=== Dataset extract ===
BEGIN

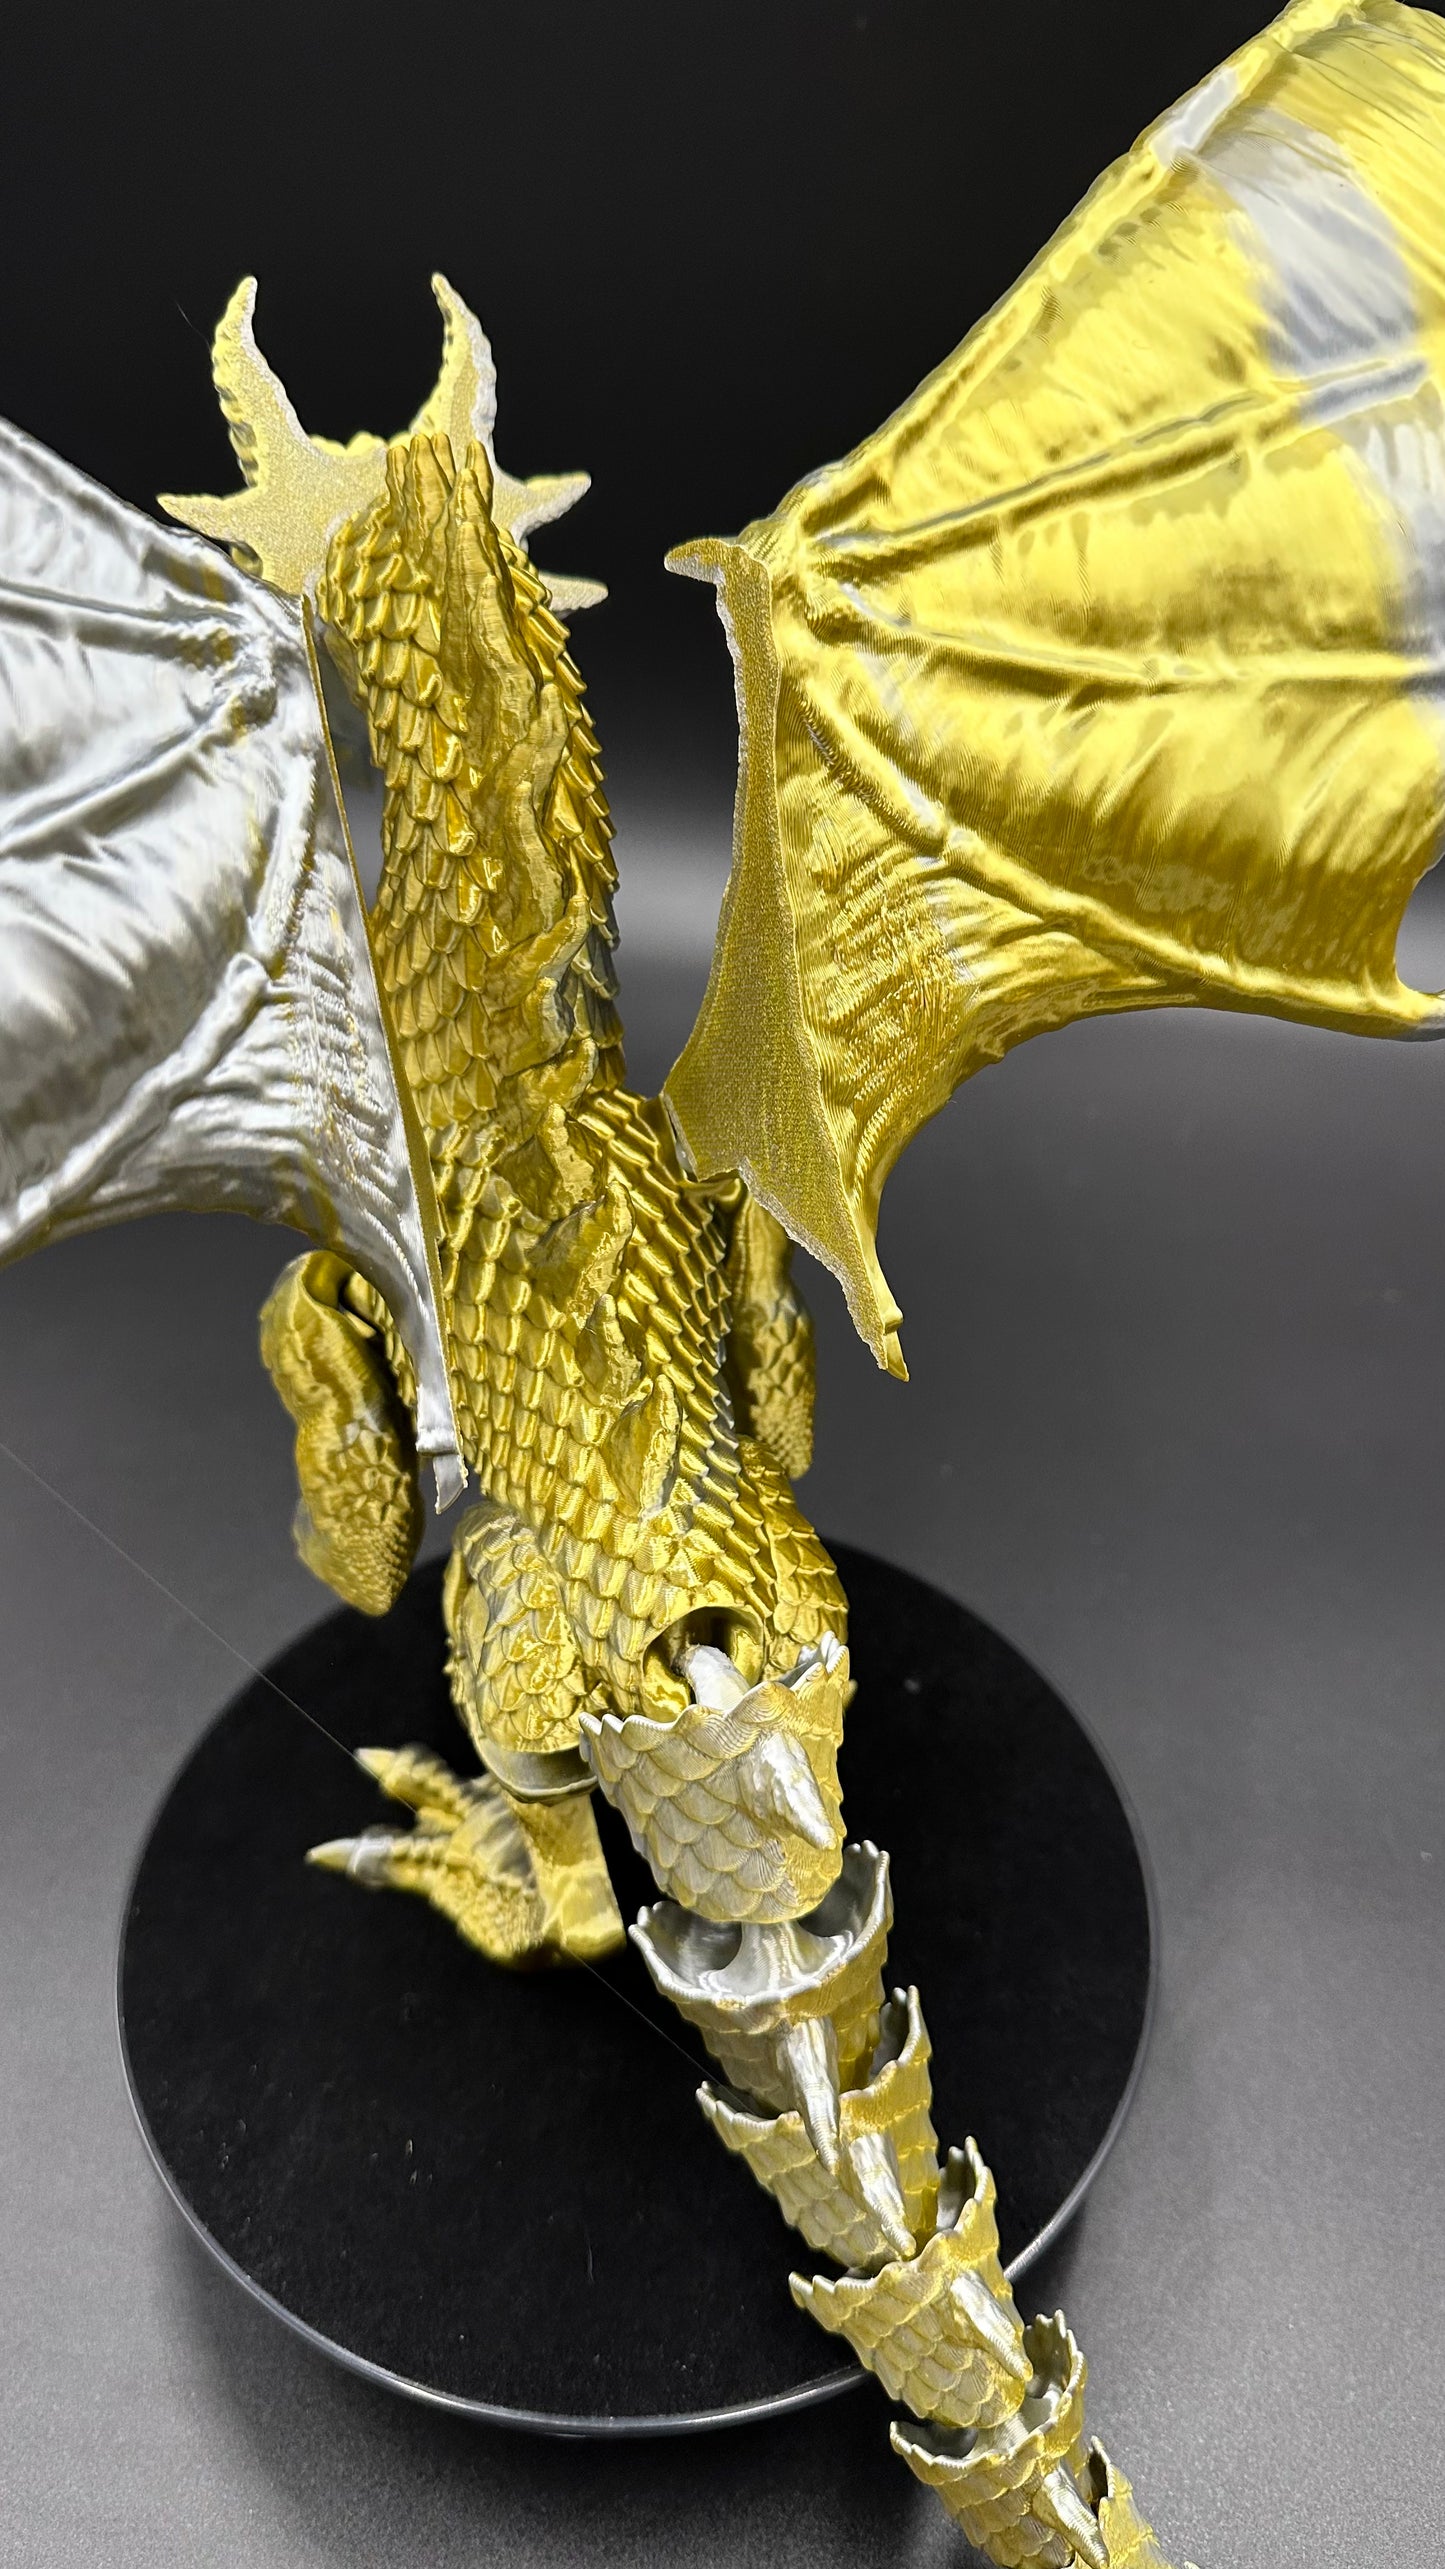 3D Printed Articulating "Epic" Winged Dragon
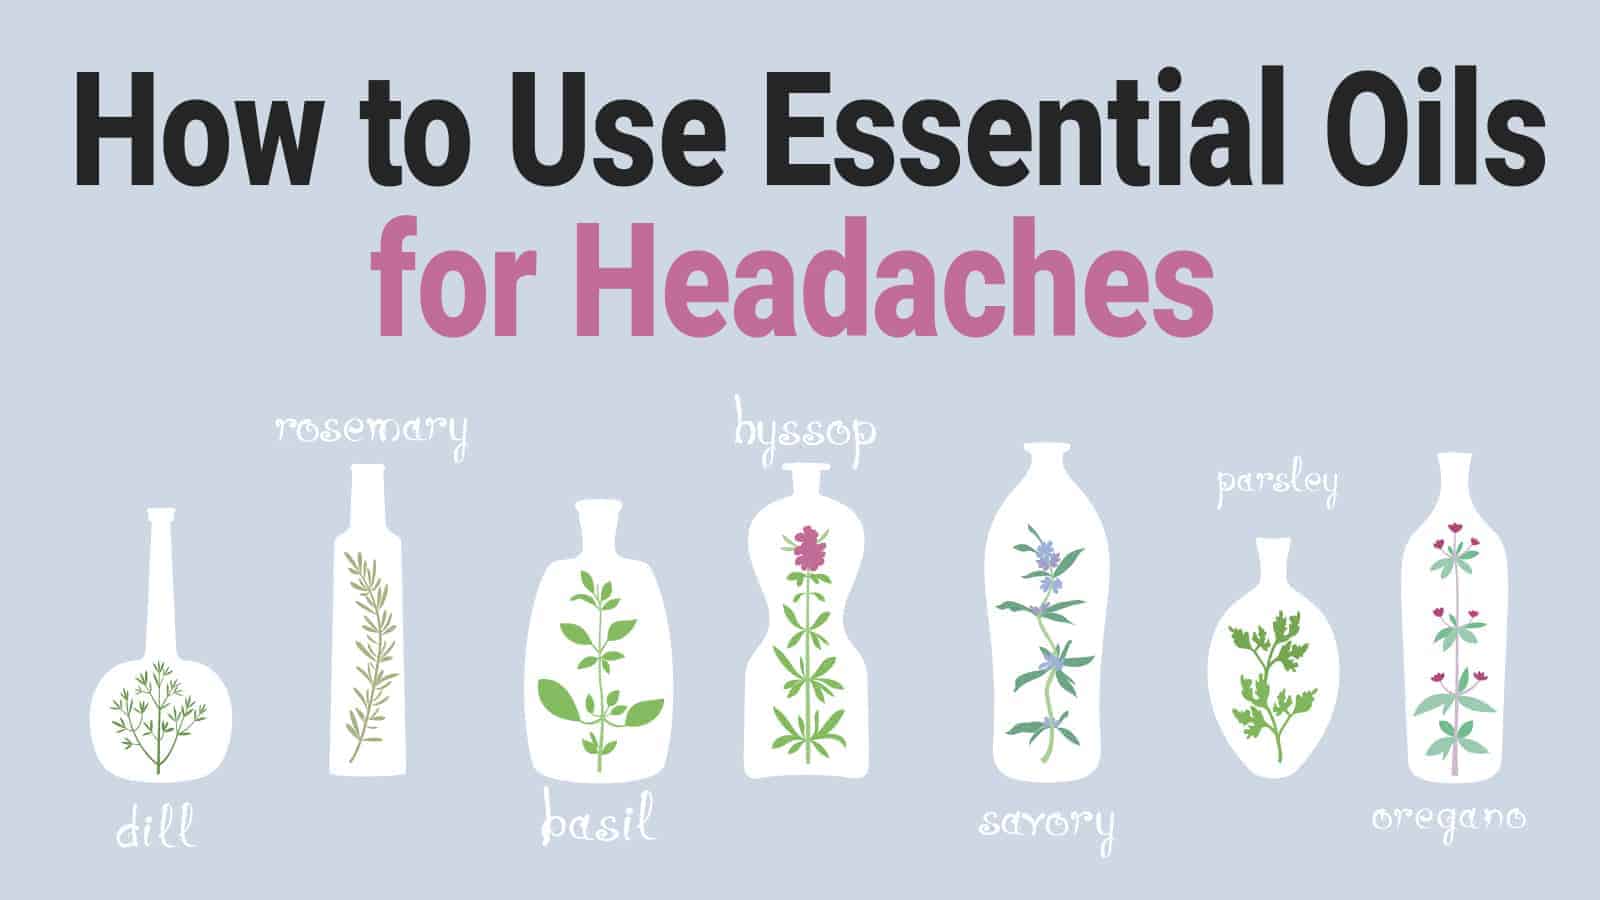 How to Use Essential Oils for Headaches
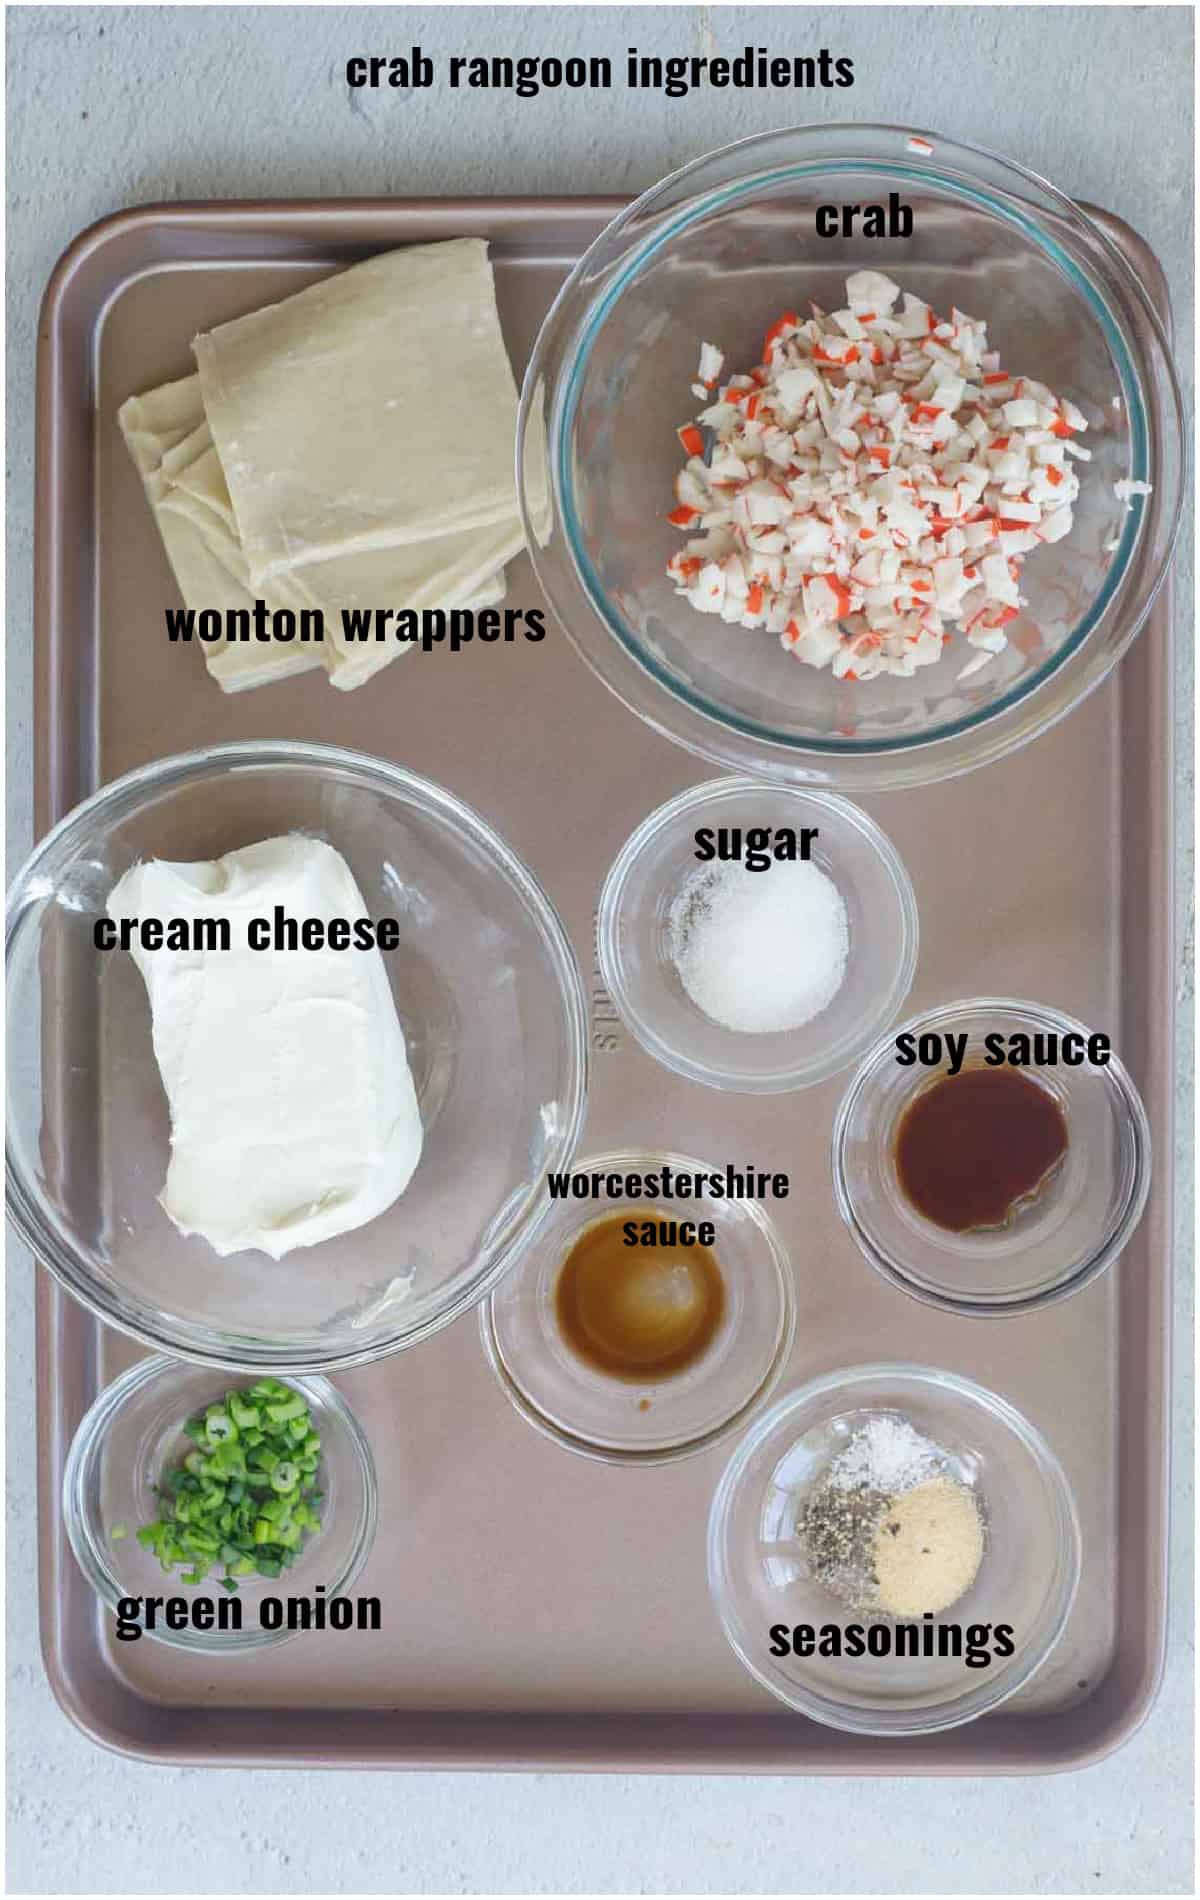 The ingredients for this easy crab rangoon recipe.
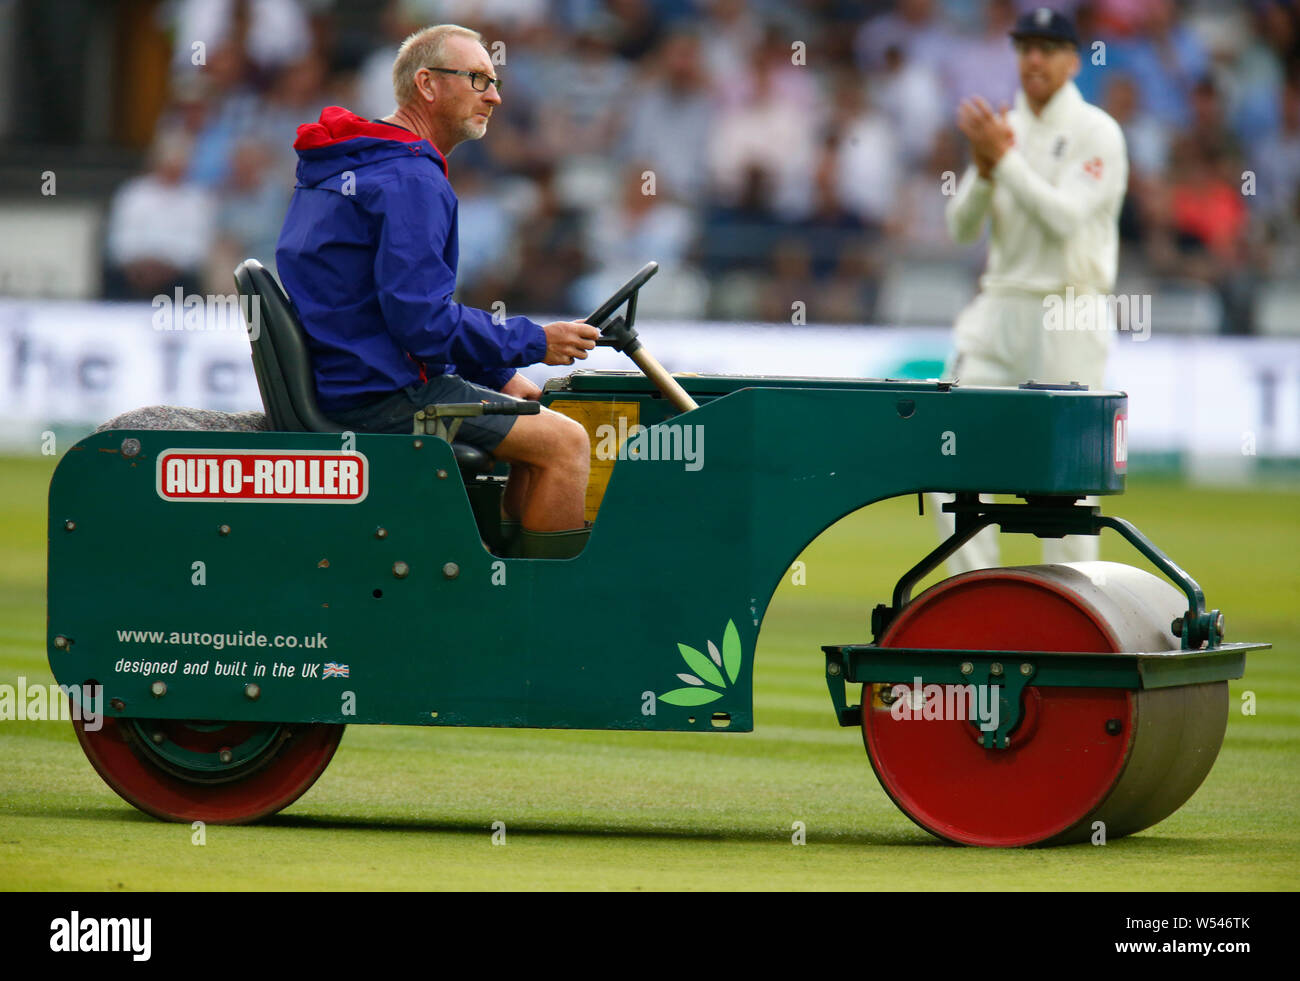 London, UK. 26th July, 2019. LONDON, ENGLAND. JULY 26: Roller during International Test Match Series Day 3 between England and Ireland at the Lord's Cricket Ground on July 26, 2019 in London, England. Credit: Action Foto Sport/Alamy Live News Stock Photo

END

=== Work order ===
The pictures are to be omitted, and the rest of the listing is to be transcribed exactly.

=== Task result ===
 3D Printed Articulating "Epic" Winged Dragon
 How to Use Essential Oils for Headaches
 The ingredients for this easy crab rangoon recipe.
 London, UK. 26th July, 2019. LONDON, ENGLAND. JULY 26: Roller during International Test Match Series Day 3 between England and Ireland at the Lord's Cricket Ground on July 26, 2019 in London, England. Credit: Action Foto Sport/Alamy Live News Stock Photo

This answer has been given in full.